Ulissi wins in Turkey to take lead, Yates best in Iran: Daily News Digest

by Shane Stokes

October 14, 2017

Ulissi wins stage 4 of the Presidential Tour of Turkey; Yates wins final stage of the Tour of Iran; Lappartient plans to ban use of corticoids from early 2019; INRNG on the Nudge Theory and Tramadol; Archbold signs for Aqua Blue Sport; Dombrowski to rethink approach after disappointing season; Williams re-signs with Orica-Scott; Twenty20 announces first new signee in Clyne; WaowDeals Pro Cycling signs Van De Ree and Rooijakkers; VeloNews bought by previous owner Felix Magowan plus partners; See.Sense enjoys more crowdfunding success for its next intelligent light; Battle Mountain set for community screenings release; Video: Two lives saved by one bicycle; Video: Bringing the family along for the ride.

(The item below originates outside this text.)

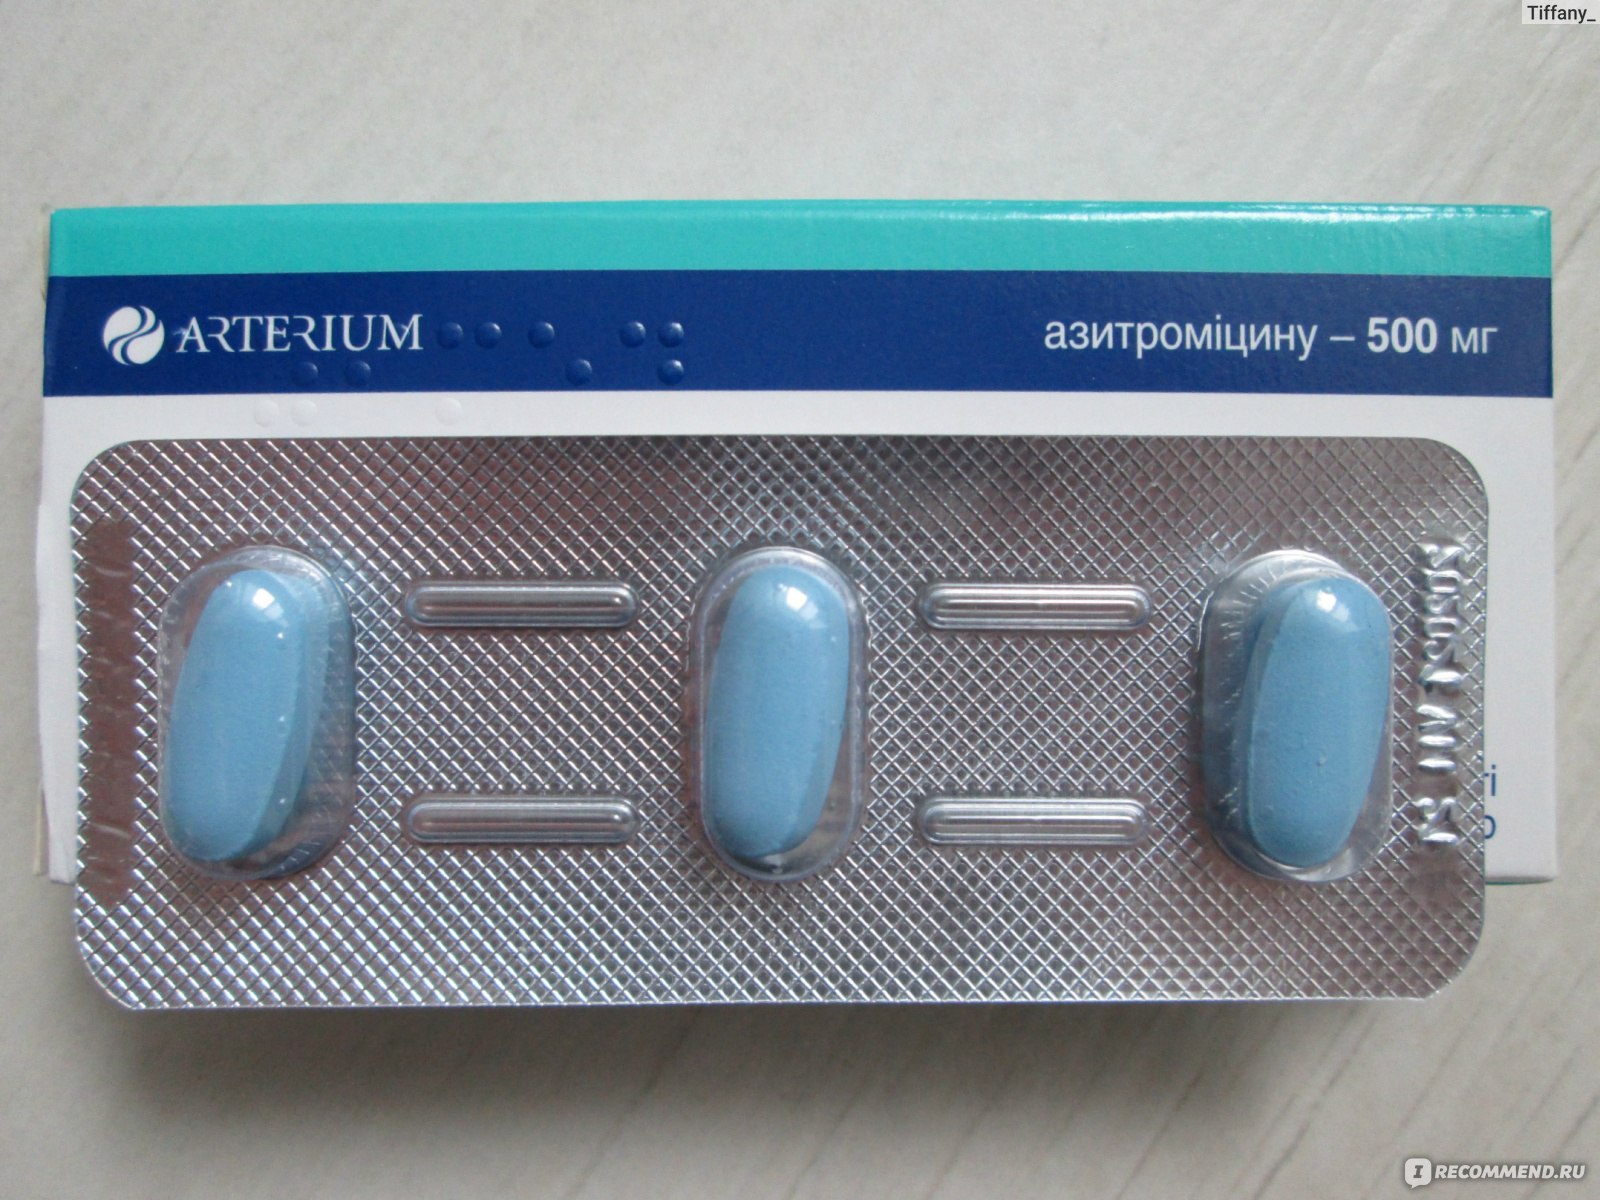 Антибиотик который пьют 3. Антибиотик три таблетки. Антибиотик голубые таблетки. Антибиотики в капсулах. Три таблетки в упаковке.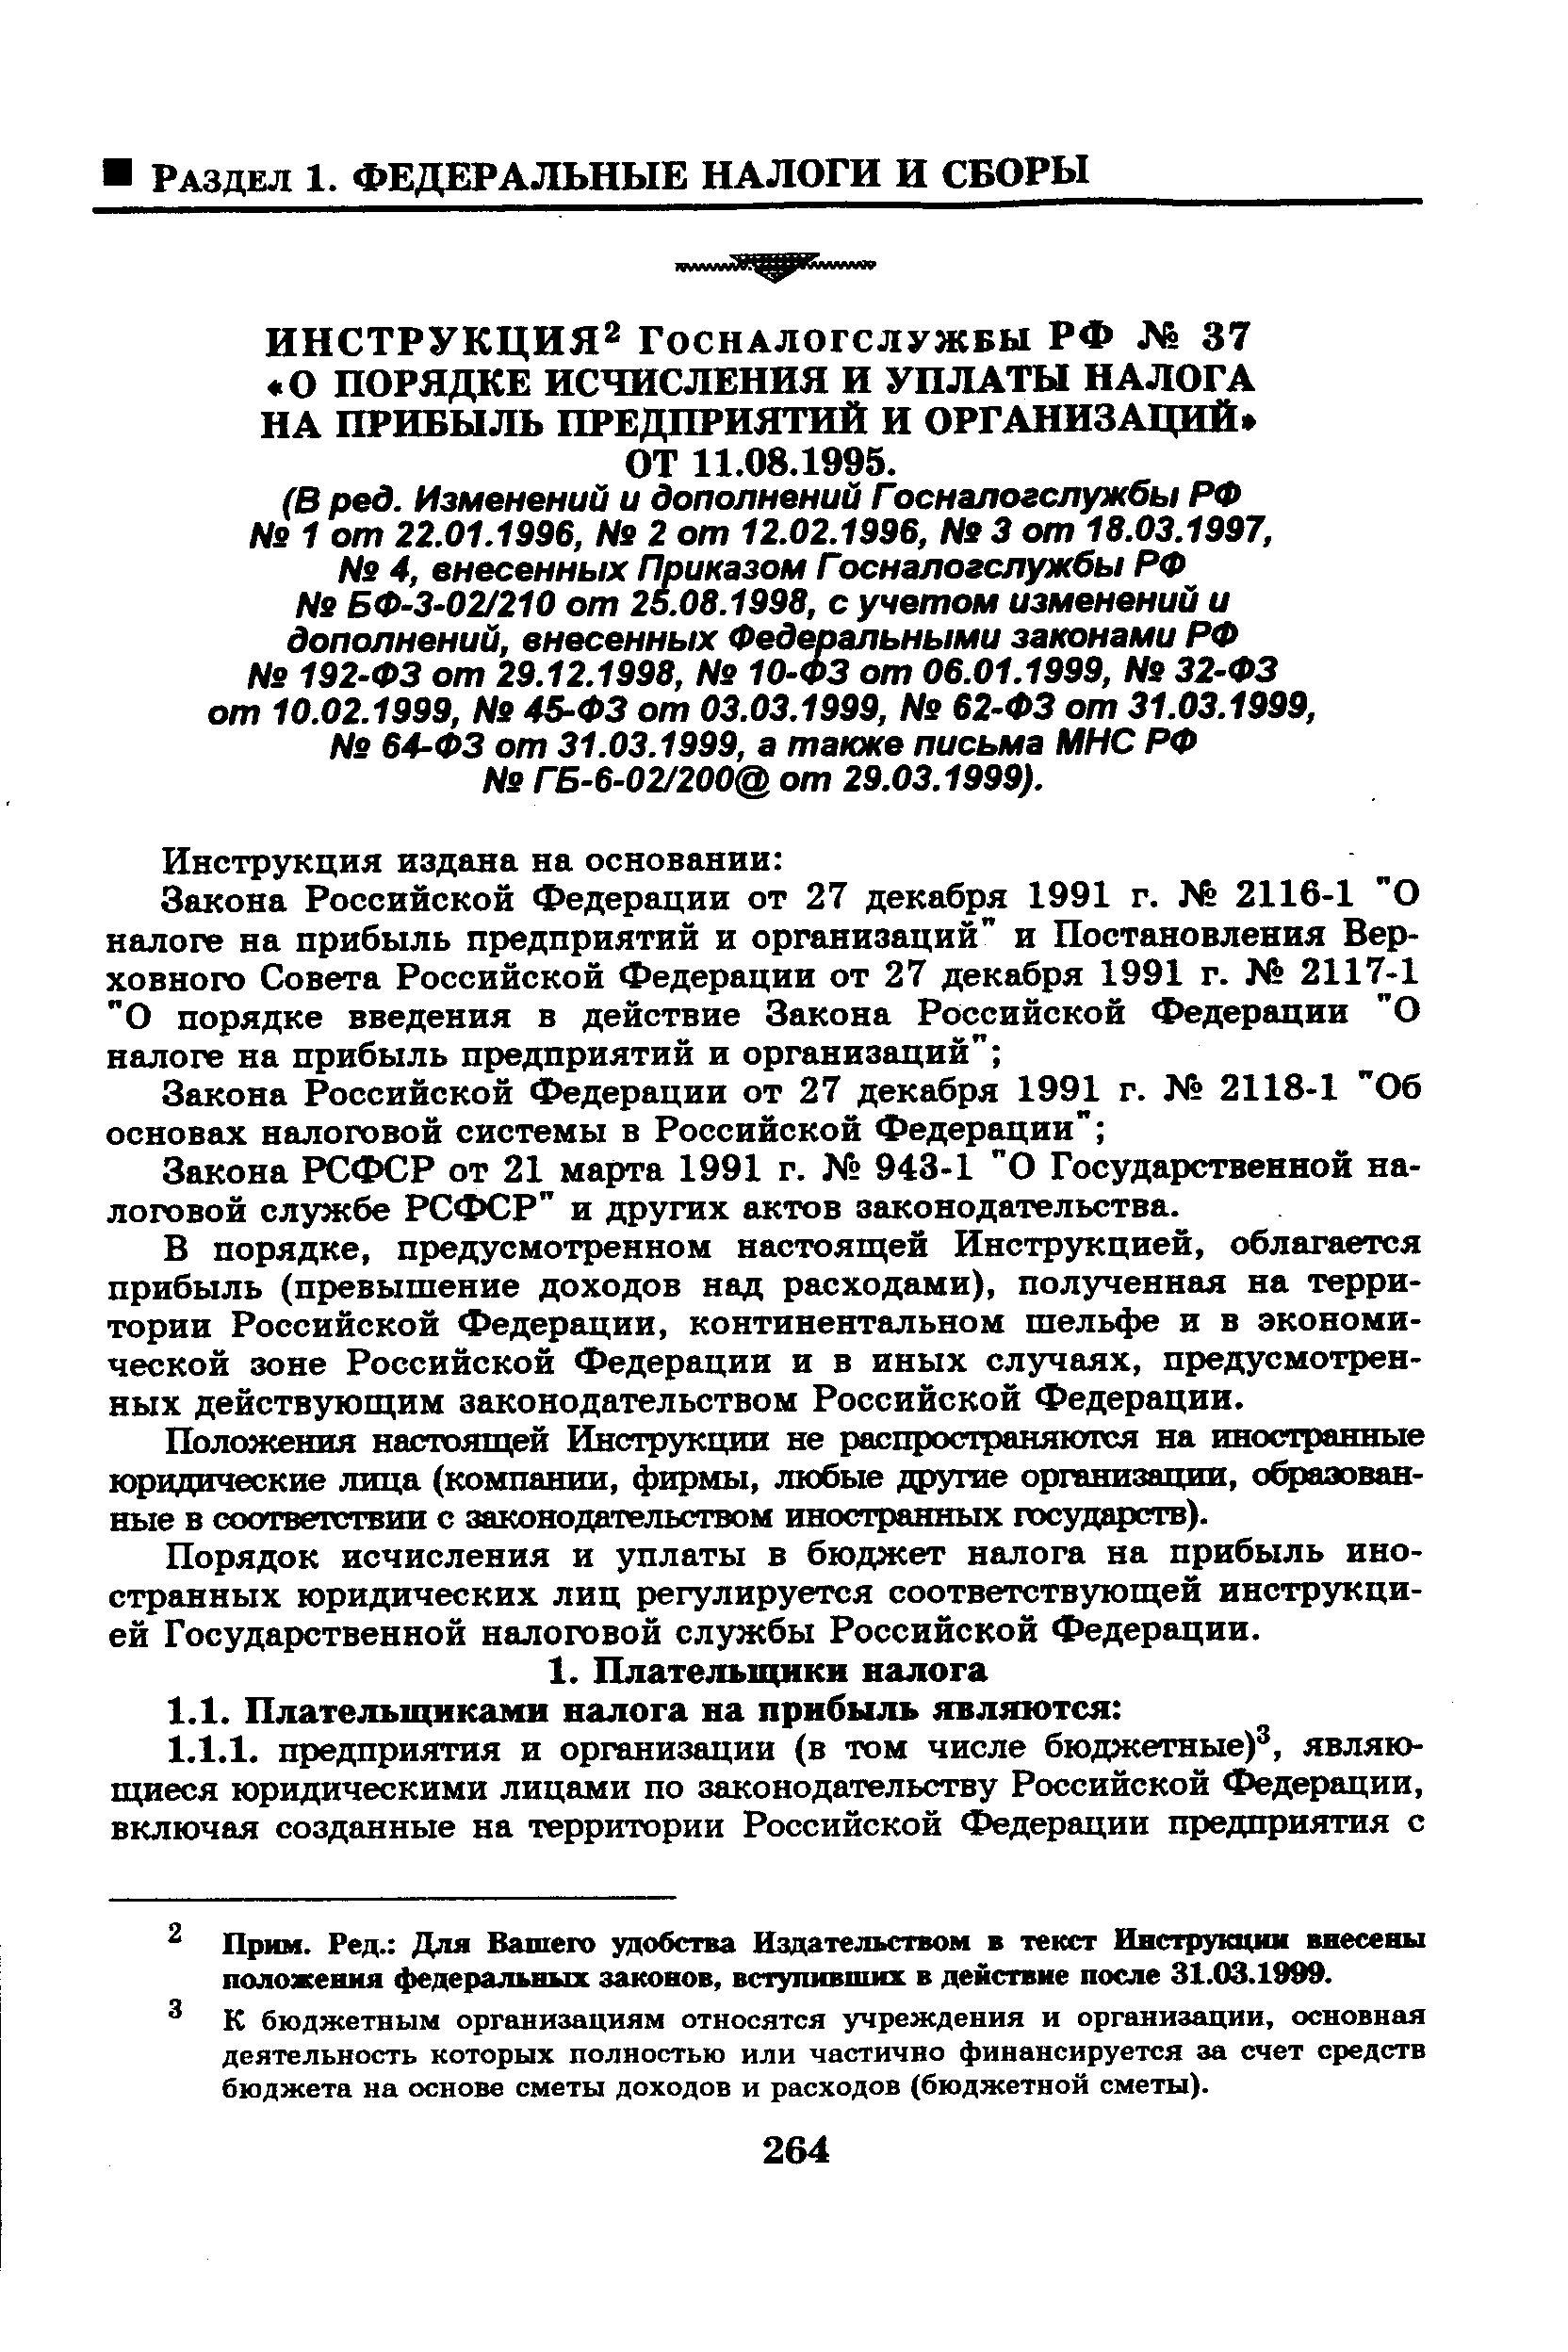 Закона РСФСР от 21 марта 1991 г. 943-1 О Государственной налоговой службе РСФСР и других актов законодательства.

INRNG on the Nudge Theory and Tramadol

by CyclingTips

In related news to a ban on corticosteroids, INRNG talks about the use of social pressures to try to prevent teams from using cortisol and Tramadol.

Here’s an excerpt:

The self-regulating MPCC is a great idea in theory and a good idea in practice. It gets mocked when teams quit but we ought to mock the teams who sign up to an agenda for the sake of appearances and bail the moment they have to hold themselves to it. But an open letter? This looks like an impotent gesture, as if saying you can’t achieve something but might as well signal your good intentions.

Which brings us to the “nudge theory” aspect. Here is a case where it’s in everyone’s interest to ban these substances but doing so is hard work and technically different. In short it’s difficult and risky to for the UCI to enforce this unilaterally. So make it voluntary but with a twist: teams applying for a World Tour or Pro Conti licence can opt out of cortisol and Tramadol testing conducted by UCI anti-doping at their will, but this decision will be made public.

Perhaps when opting out they could publish a statement why too? Similarly test results for low cortisol or the presence of Tramadol will be made public but not bring a sanction. This turns the situation from teams subscribing to the MPCC Group to one where they have to opt out of a UCI policy, it is there right but it puts the onus on them to explain.